Hay una curiosa novela portuguesa de 1870, ‘El misterio de la carretera de Sintra’, que fue escrita de un modo tan singular que merece contarse: los novelistas Eça de Queirós y Ramalho Ortigão se concertaron para escribirla al alimón y publicarla por entregas en el ‘Diário de Notícias’. Bajo el formato de cartas al director, un aparente lector iba informando anónimamente de unos sucesos extraños que se habían producido en la carretera entre Lisboa y Sintra. La novela, con muertos, lances y amores contrariados, como correspondía a un folletín, avanzaba a trompicones porque Eça y Ramalho se impusieron la disciplina de no saber lo que escribía el otro hasta leerlo en el periódico, y a partir de ahí seguir la narración. La primera entrega se publicó el 23 de julio. Las siguientes estaban tan bien escritas, describían hechos tan vívidamente y suscitaron tantos rumores en Lisboa a partir de lo que en ellas se contaba, que ‘Diário de Notícias’ empezó a recibir cartas de lectores que habían dado la historia por verdadera y que aportaban detalles que la enriquecían. La cosa empezaba a escapársele de las manos a sus autores y el 27 de septiembre decidieron salir del anonimato y descubrir que todo había sido una broma. Una broma cuyo resultado es una obra literaria que ha llegado hasta nuestros días.
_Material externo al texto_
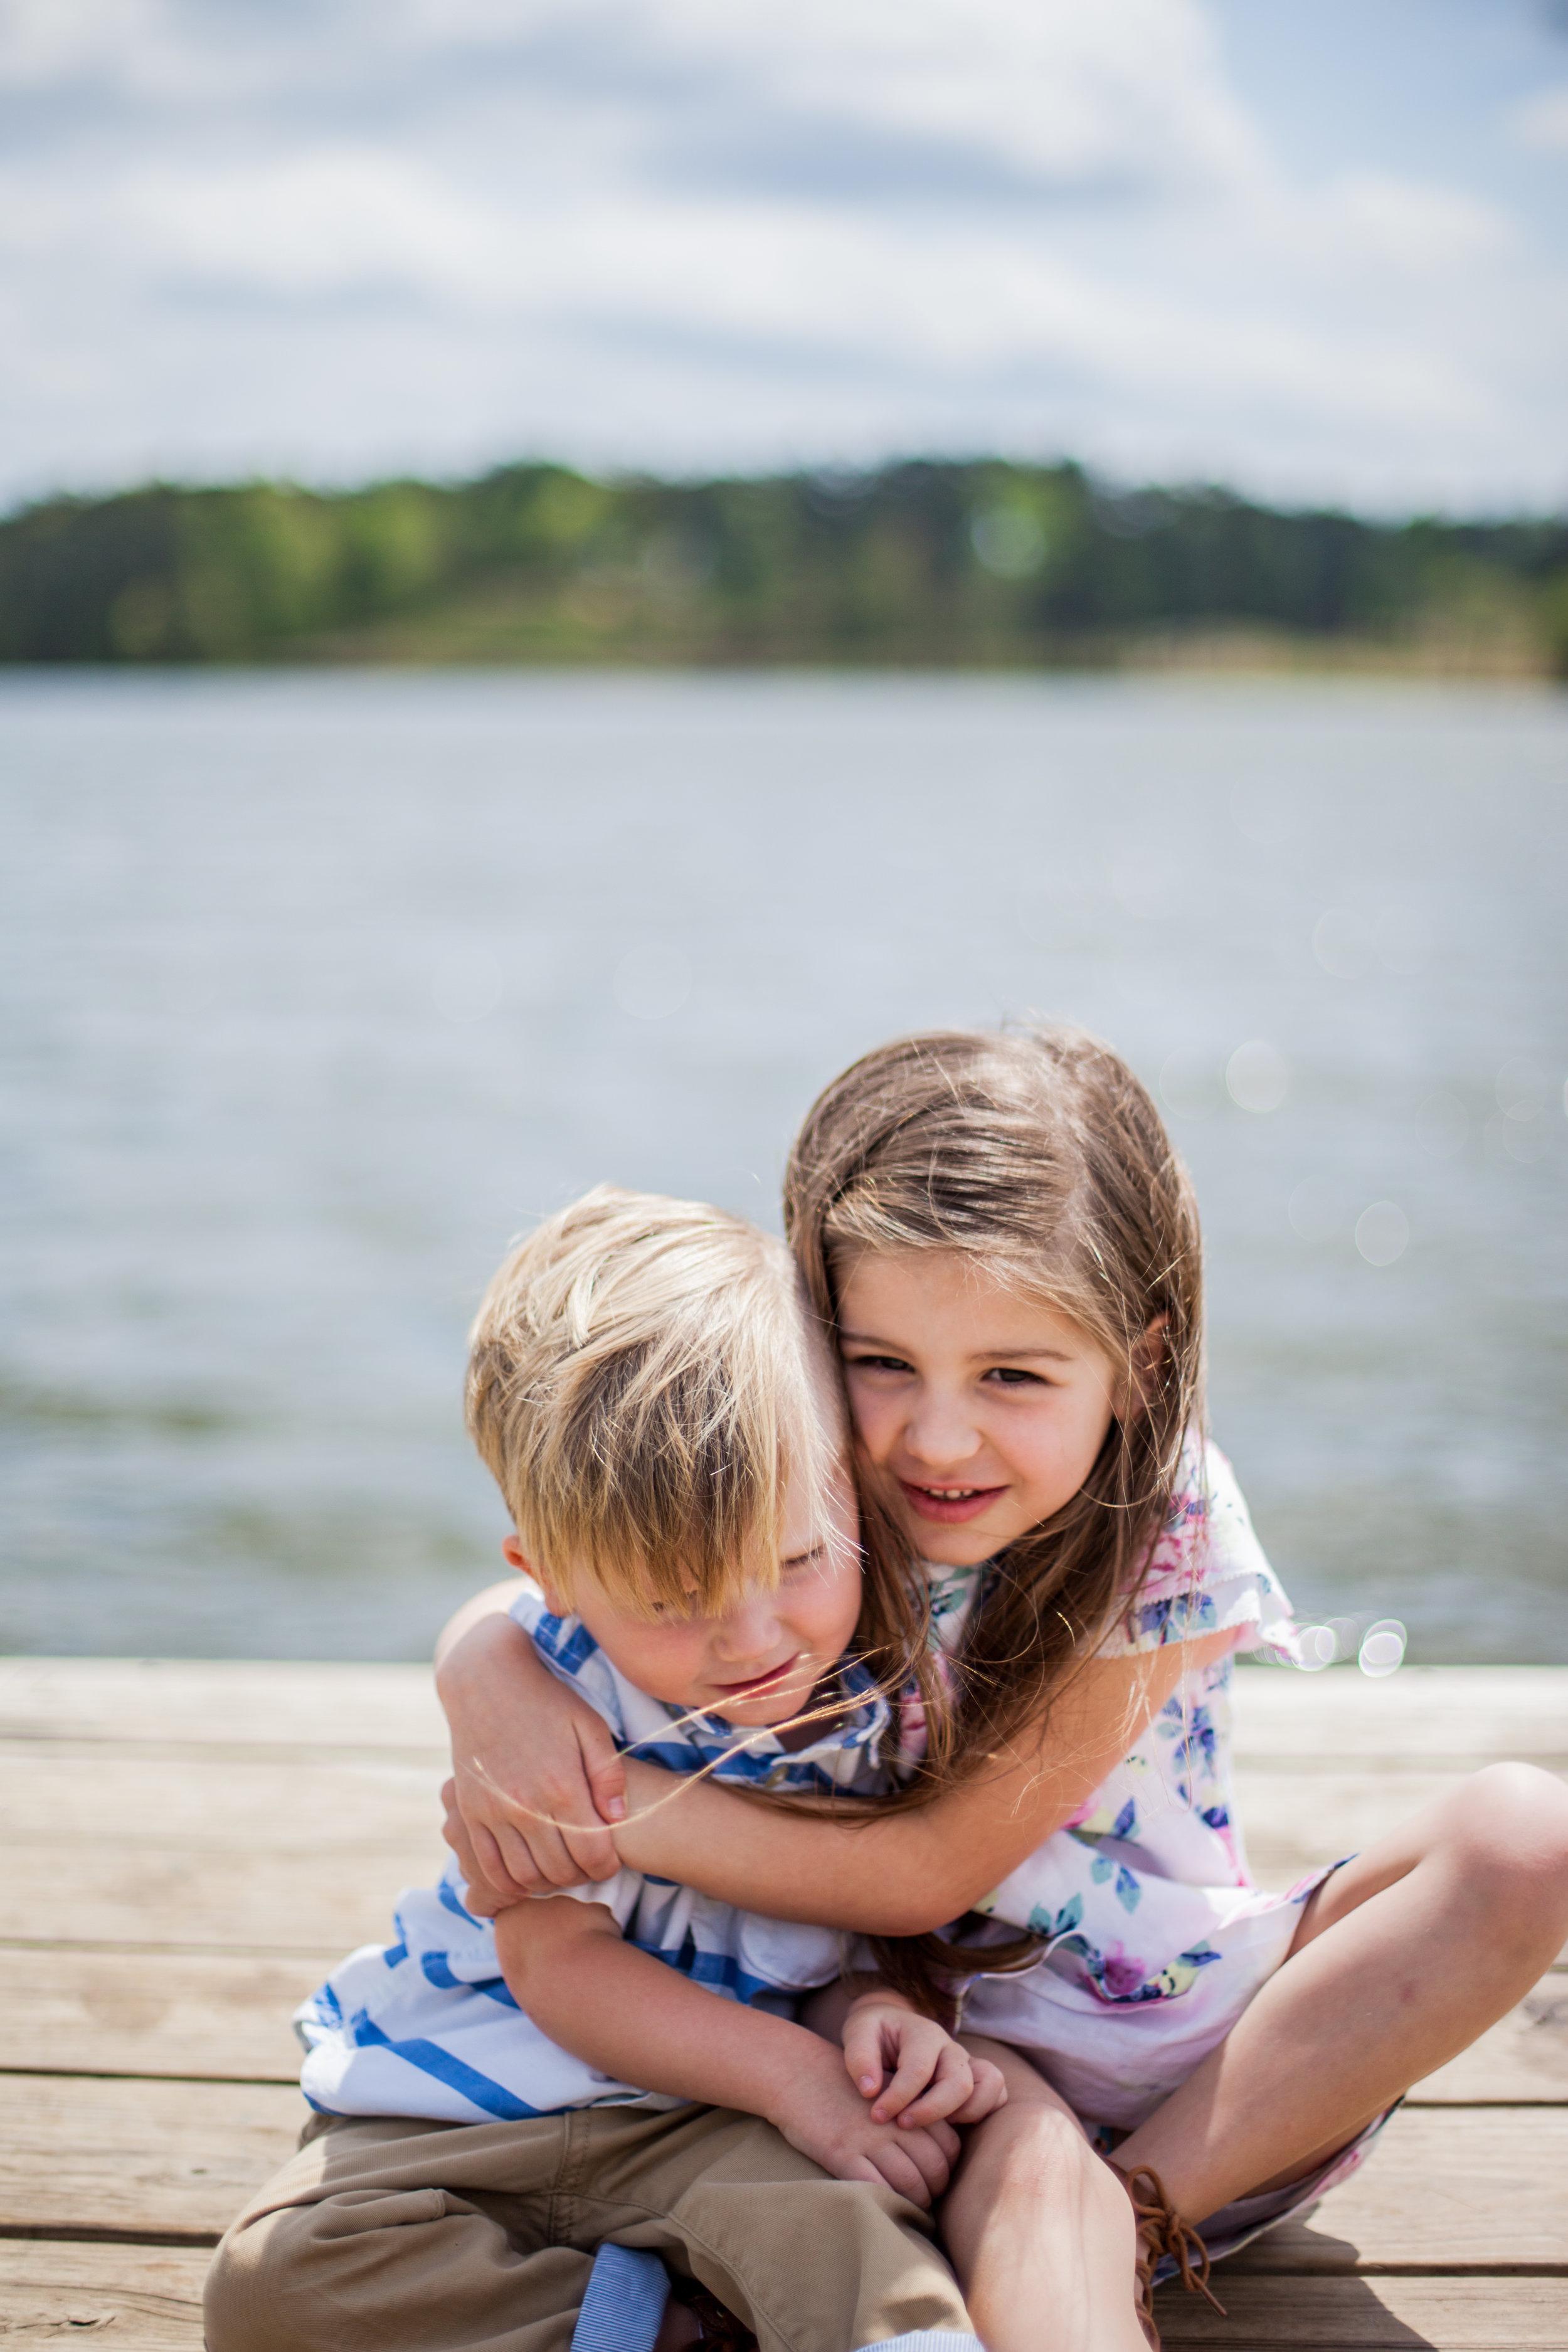 woodstock-family-photography-mini-session-acworth-beach-15.jpg

Me he acordado de ‘El misterio de la carretera de Sintra’ a raíz del caso del payaso diabólico de Badajoz. Ya saben: la difusión en Facebook de imágenes trucadas con payasos en sitios de la ciudad, que hizo un mozalbete, y la denuncia falsa de otro en Comisaría asegurando que le había atacado alguien vestido de payaso. “Fue una broma”, dijeron cuando los policías les descubrieron. Me he acordado de la novela portuguesa porque quizás una historia y otra nos ilustren sobre cómo han degenerado las bromas y de cómo en estos tiempos somos mucho más sugestionables que hace siglo y medio debido a que estamos infinitamente más expuestos e indefensos ante la falsedad. Los espontáneos sugestionados por el misterio de la carretera de Sintra tardaron semanas en aparecer; si esa historia se contara hoy a través de las redes sociales aparecerían en minutos. Y basta un solo ‘bromista’ para que los efectos de la broma se multipliquen exponencialmente creando, como en Badajoz, alarma social.
La preocupación por este fenómeno, como pertinentemente advirtió el domingo en estas páginas la periodista Rocío Romero, atañe a los policías: a la vista está que los de Badajoz debieron comprobar la historia antes de difundir la denuncia del falsario, y no al revés. Pero al que atañe de lleno es al periodismo. Estoy perplejo ante la evidencia de que cada día son más los colegas míos que consideran fuentes de información –es decir, emisores fiables—las redes sociales, donde todo rumor, infundio anónimo, y asuntos delirantes dados por verdaderos tienen su habitación. Si las redes sociales son las que van a inspirar al periodismo, a este viejo oficio –y lo que es más importante, al derecho a la información veraz como pilar de una sociedad democrática– le quedarán dos telediarios. Y el segundo y último, por supuesto, no será más que una sarta de bulos. Una broma.